Are there Goldstone bosons in the spontaneous normal to superfluid transition?

The Goldstone boson for a superfluid is the phonon.

See Wikipedia:

A version of Goldstone's theorem also applies to nonrelativistic theories (and also relativistic theories with spontaneously broken spacetime symmetries, such as Lorentz symmetry or conformal symmetry, rotational, or translational invariance).

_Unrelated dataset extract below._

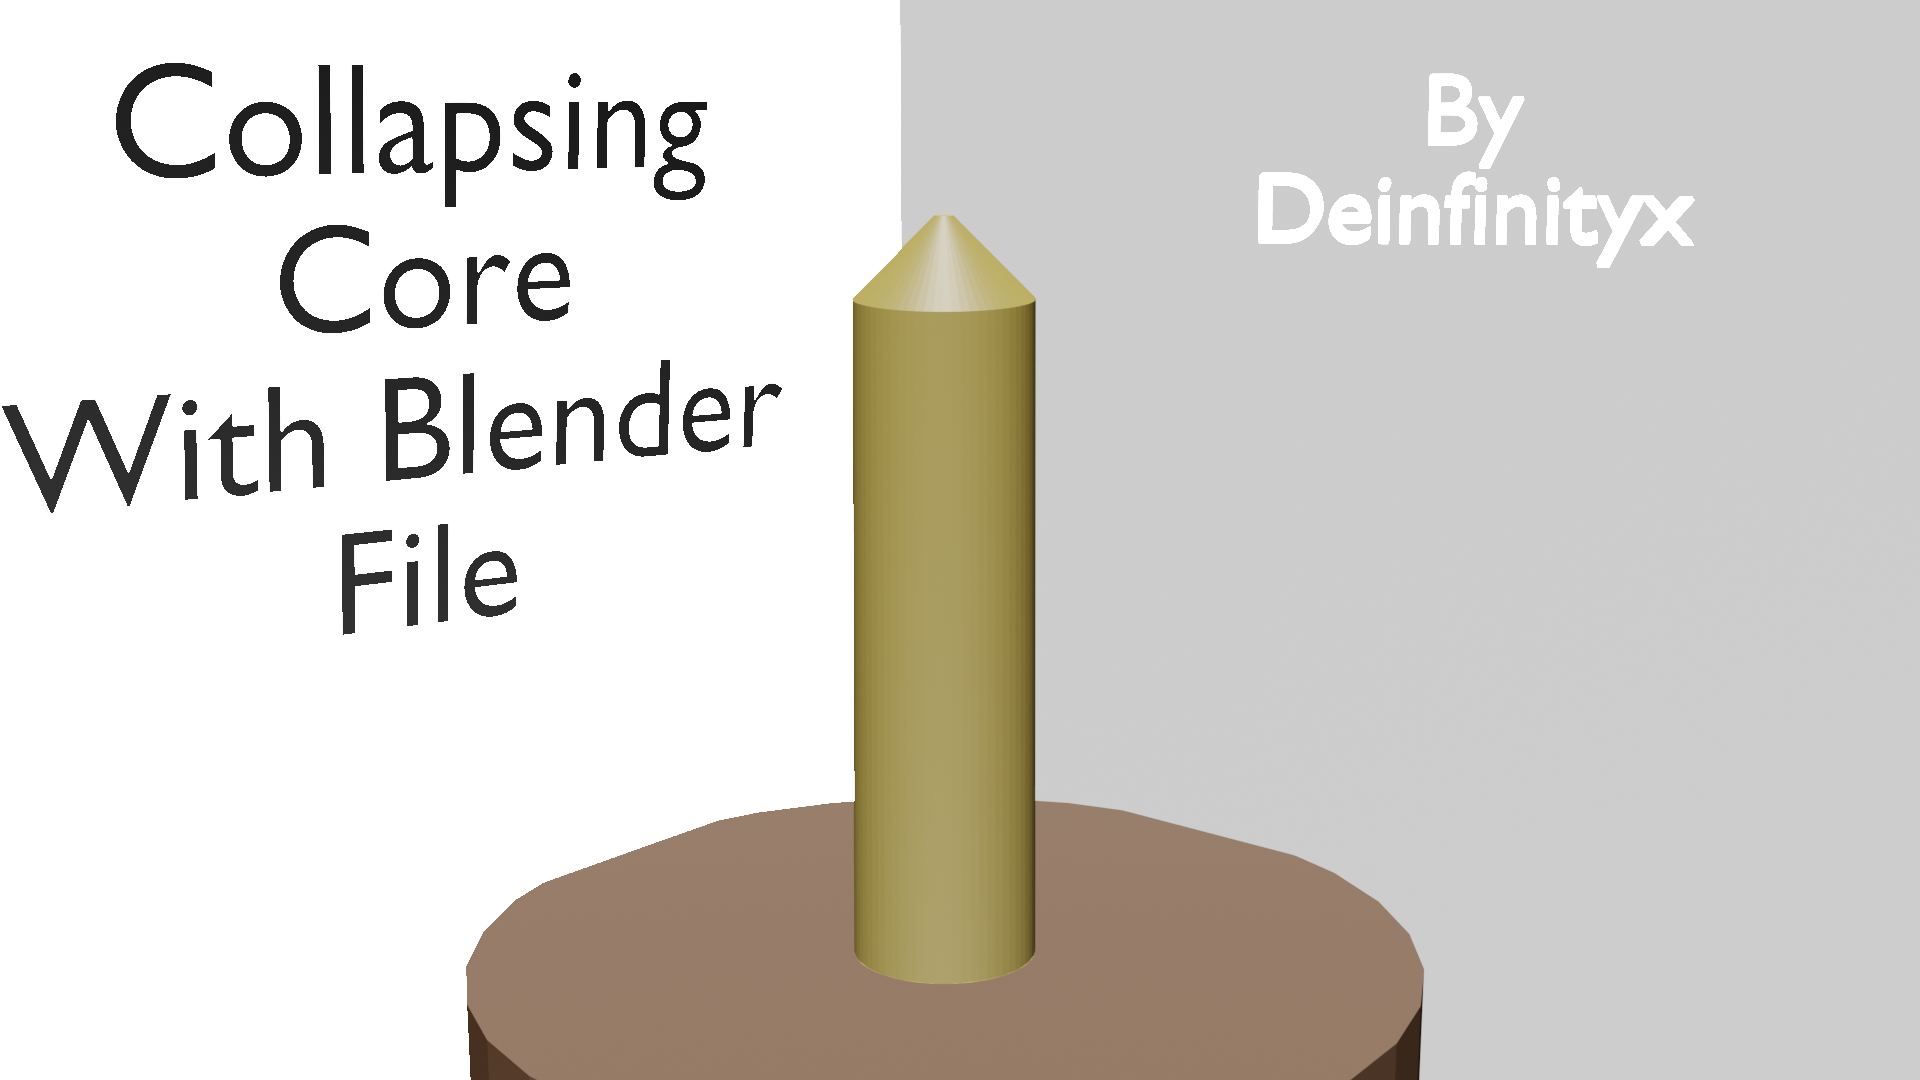 Collapsing Core with Blender file

It essentially states that, for each spontaneously broken symmetry, there corresponds some quasiparticle with no energy gap—the nonrelativistic version of the mass gap. [...] However, two different spontaneously broken generators may now give rise to the same Nambu–Goldstone boson. For example, in a superfluid, both the U(1) particle number symmetry and Galilean symmetry are spontaneously broken. However, the phonon is the Goldstone boson for both.

And also this article:

An example of spontaneous symmetry breaking is the breaking of the global U(1)-symmetry in $^4$He and the appearance of superfluidity below a certain critical temperature. Associated with the breaking of the symmetry, there is a nonzero value of an order parameter and a condensate of particles in the zero-momentum state. When a global continuous symmetry is broken, the Goldstone theorem states that there is a gapless excitation for each generator that does not leave the ground state invariant. In the case of nonrelativistic Bose gases, one identifies the Goldstone mode with the phonons.

Other relevant sources:

• A. Schmitt, Introduction to Superfluidity
• K. Huang, Statistical Mechanics (chap. 13)